Allen Frances é um dos organizadores do DSM-4 e crítico verbal do DSM-5 e o modo que ele foi criado. Para ele, há uma hiperinflação de possíveis diagnósticos psiquiátricos — todos tratados com um remedinho esperto. Isso faz com que os transtornos mais graves se tornem menos observados, que haja muitos diagnósticos incorretos, e principalmente, que muita gente tome remédios desnecessários — muitos deles viciantes.
Em uma discussão com um amigo psicólogo sobre a comunidade de psicólogos e psiquiatras, ele disse ser importante tentar se afastar das soluções medicamentosas e de diagnósticos cabeludos. “Enchem a gente de remédio para que possamos viver em um mundo torto e desumano, ao invés de olhar para o mundo e dizer: é ele que precisa ser desentortado”, ele disse. “Será que não consigo focar pois sou TDAH ou pois trabalho 12h diárias em um emprego que enfia multitasking e acúmulo de função? Será que tenho insônia pois sou bipolar ou porque não sei se vou conseguir almoçar amanhã, quiçá pagar o aluguel, já que tive meu emprego uberizado e sucateado?”

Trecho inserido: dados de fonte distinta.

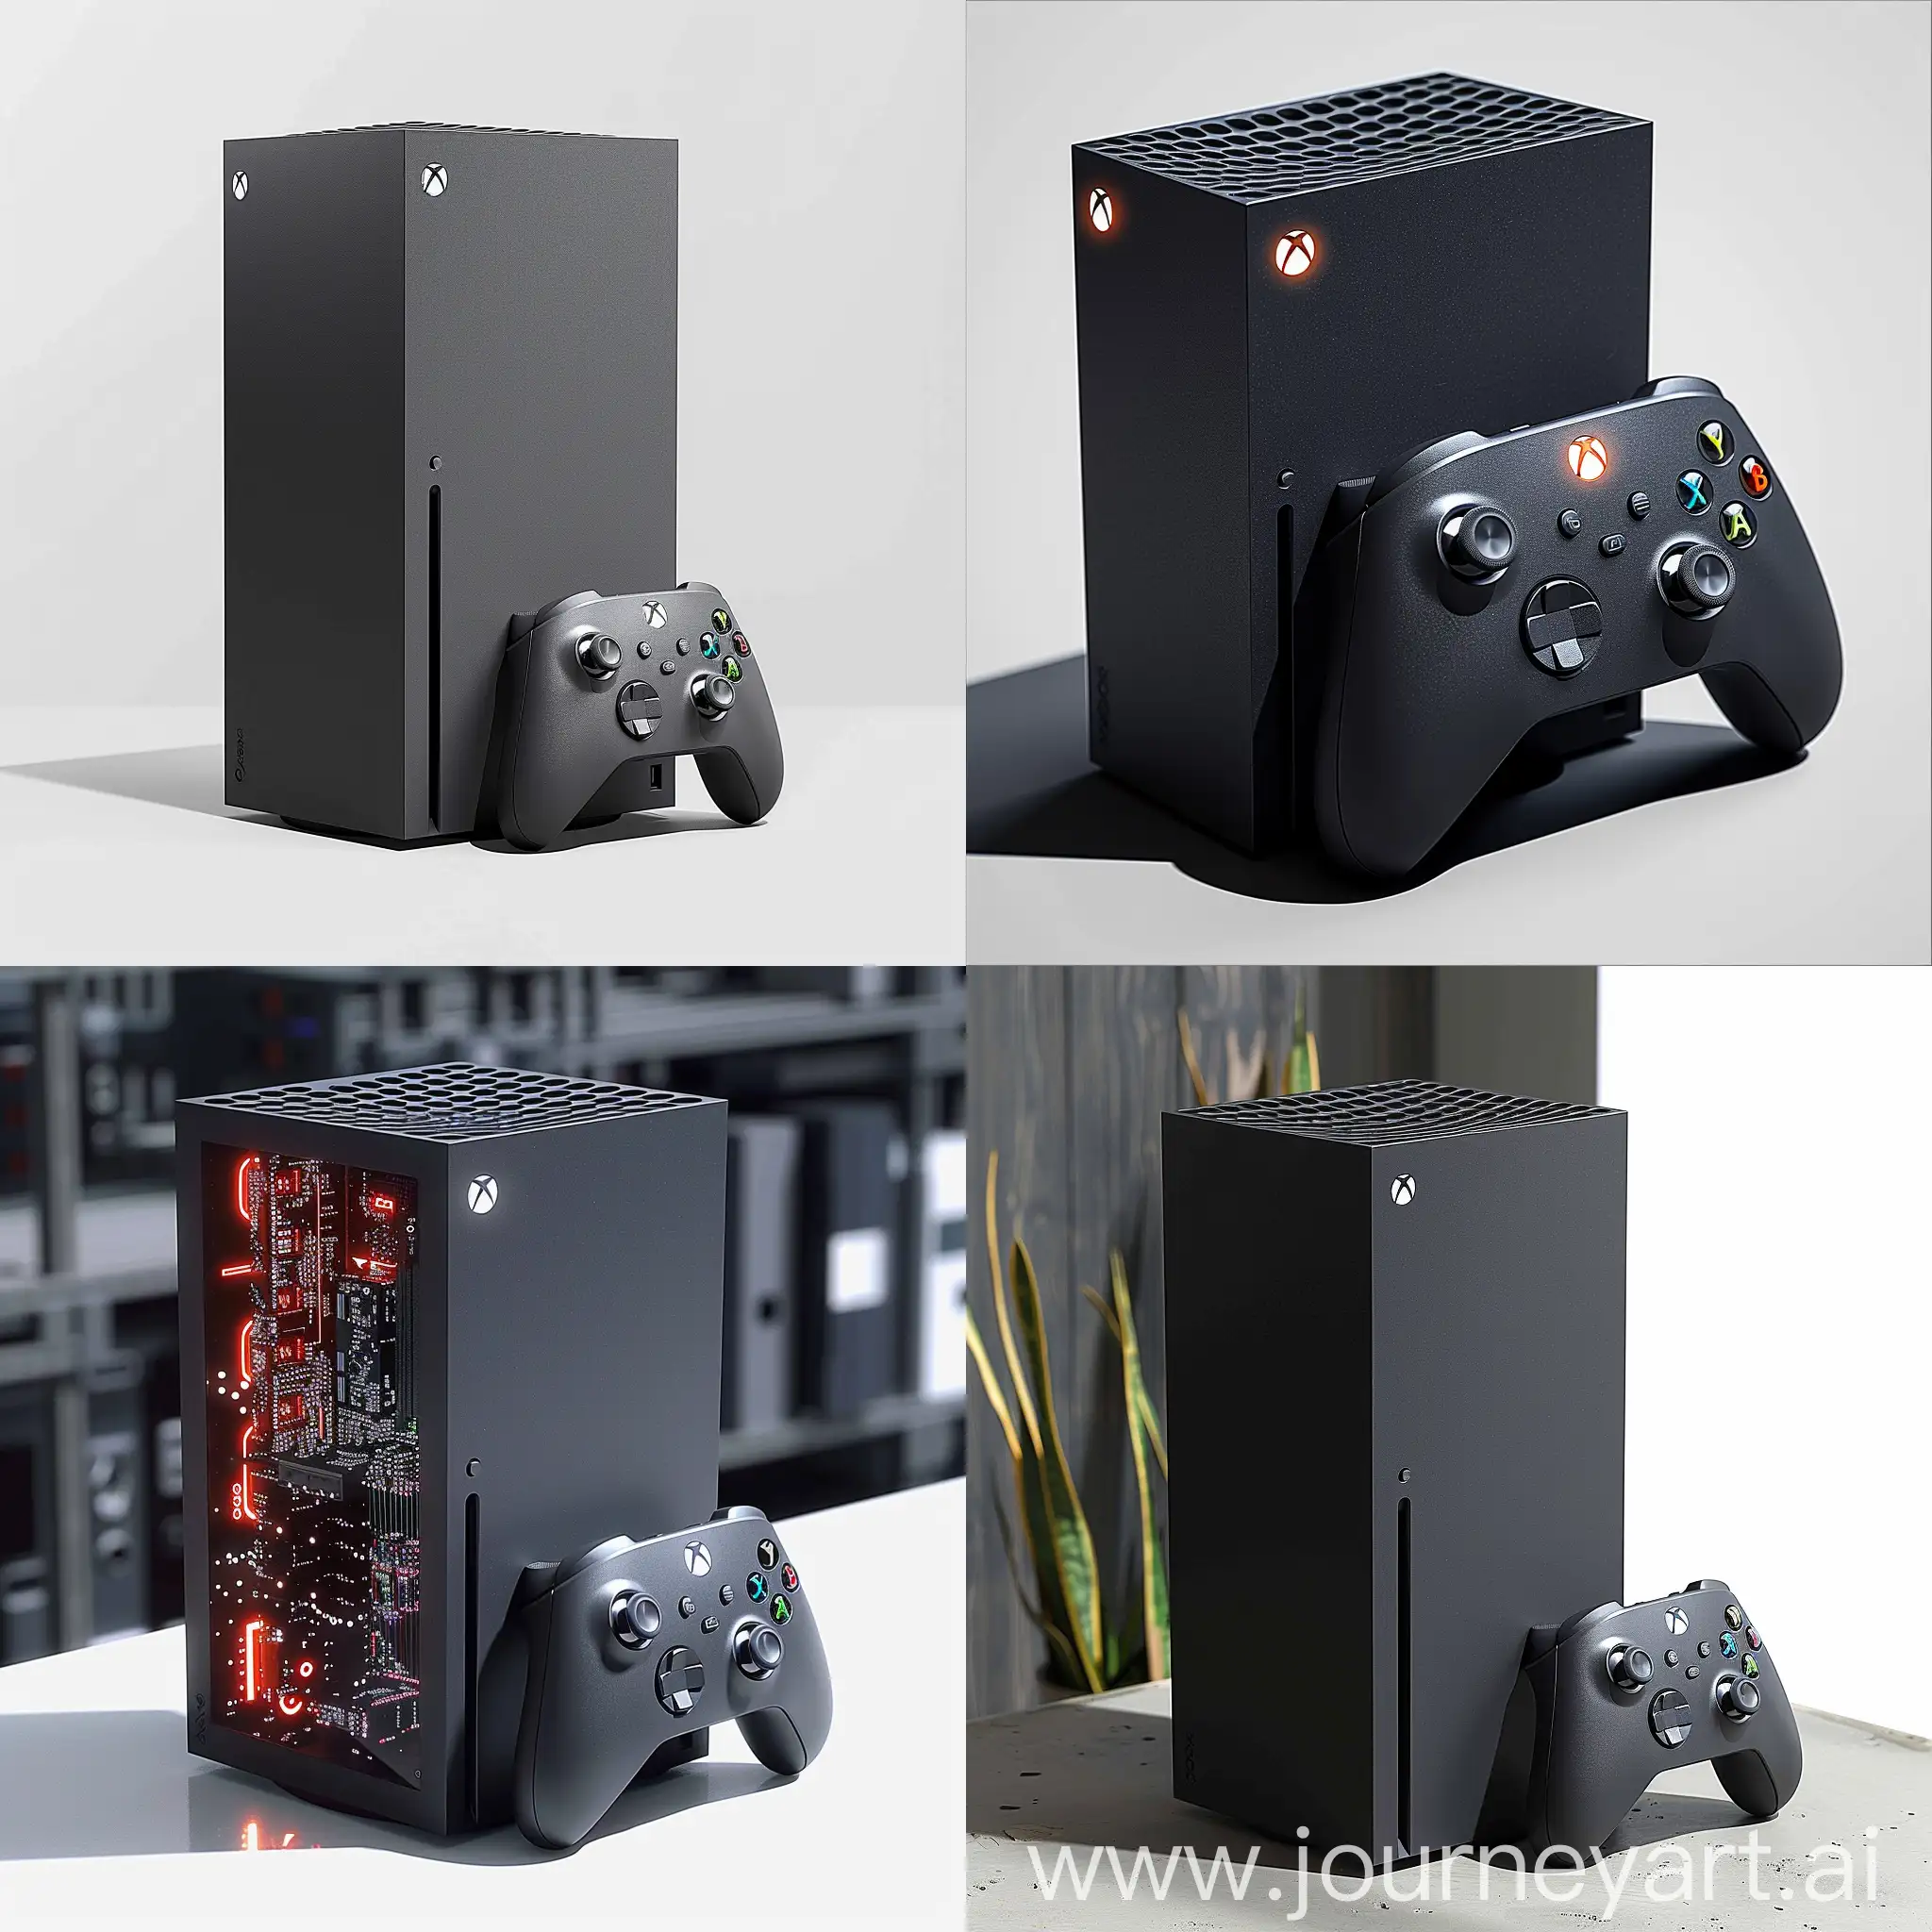 Futuristic-Xbox-Series-X-SciFi-Style-Console-for-4K-Gaming-and-Fast-Loading-Times
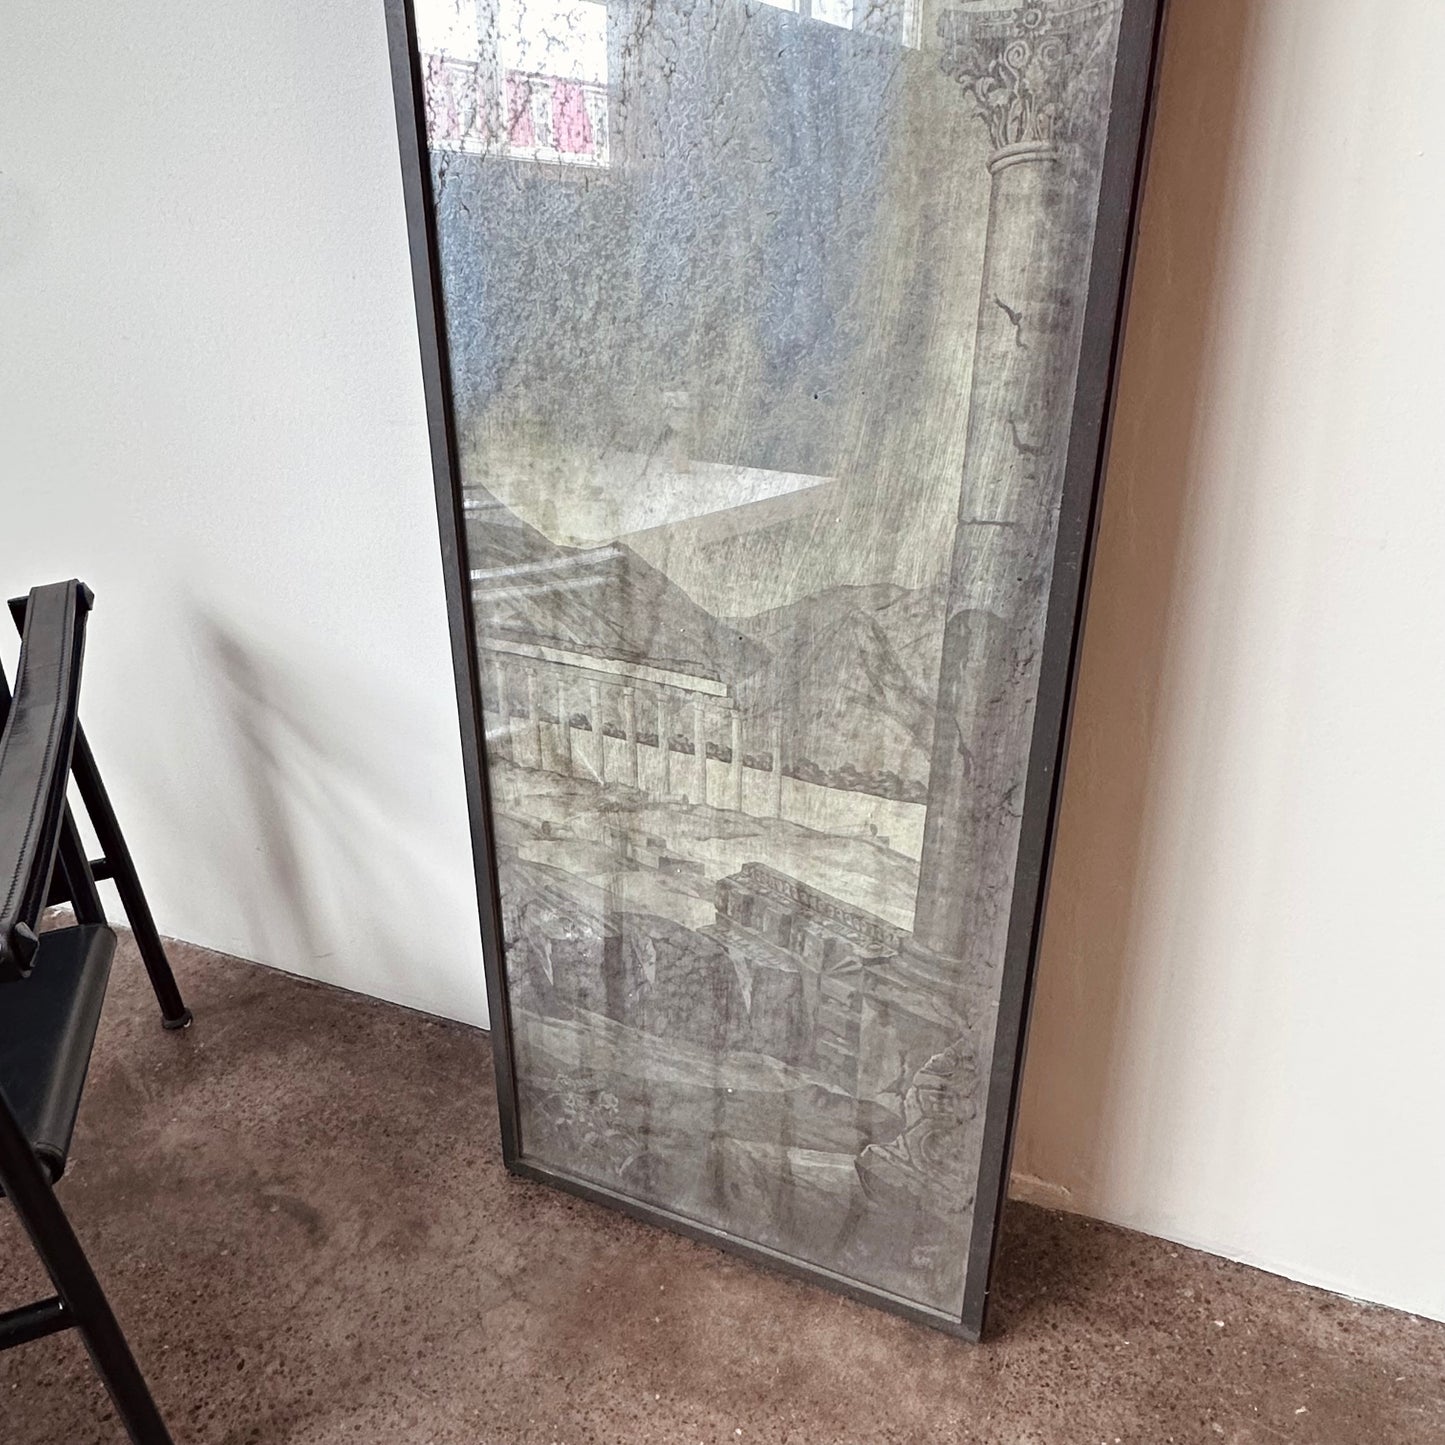 LONG ANTIQUED MIRROR WITH ROMANESQUE SCENE

Um problema constante, segundo o amigo psicólogo acima e outros dois (sim, conheço uma pá de psicólogos) é o autodiagnóstico.
A galera sente um friozinho na planta do pé e já sai nas redes sociais dizendo que tá no espectro autista. Qualquer dia mais triste é depressão. Nem quero citar as pessoas que dizer ter Transtorno Obsessivo Compulsivo e são só virginianas.
O diagnóstico é complicado, claro, mas um colega que começou a tomar Ritalina pois decidiu que tem TDAH é mais complicado que isso.
Na Alemanha conheci uma mulher que colocava seu Transtorno do Espectro Autista na frente de tudo. Ela dizia não produzir bem no trabalho por causa do TEA, de não conseguir cuidar de sua casa por causa do TEA, de ter problemas com higiene por causa do TEA… mas nunca foi num único médicozinho para saber se realmente está no TEA ou se só precisa get their shit together.
Eu entendo pra caralho como o diagnóstico é uma libertação — “ah, então é por causa disso que eu sou um maluco do caralho???” — mas a gente precisa tomar cuidado. Esse monte de possíveis diagnósticos para coisas da vida são uma armadilha.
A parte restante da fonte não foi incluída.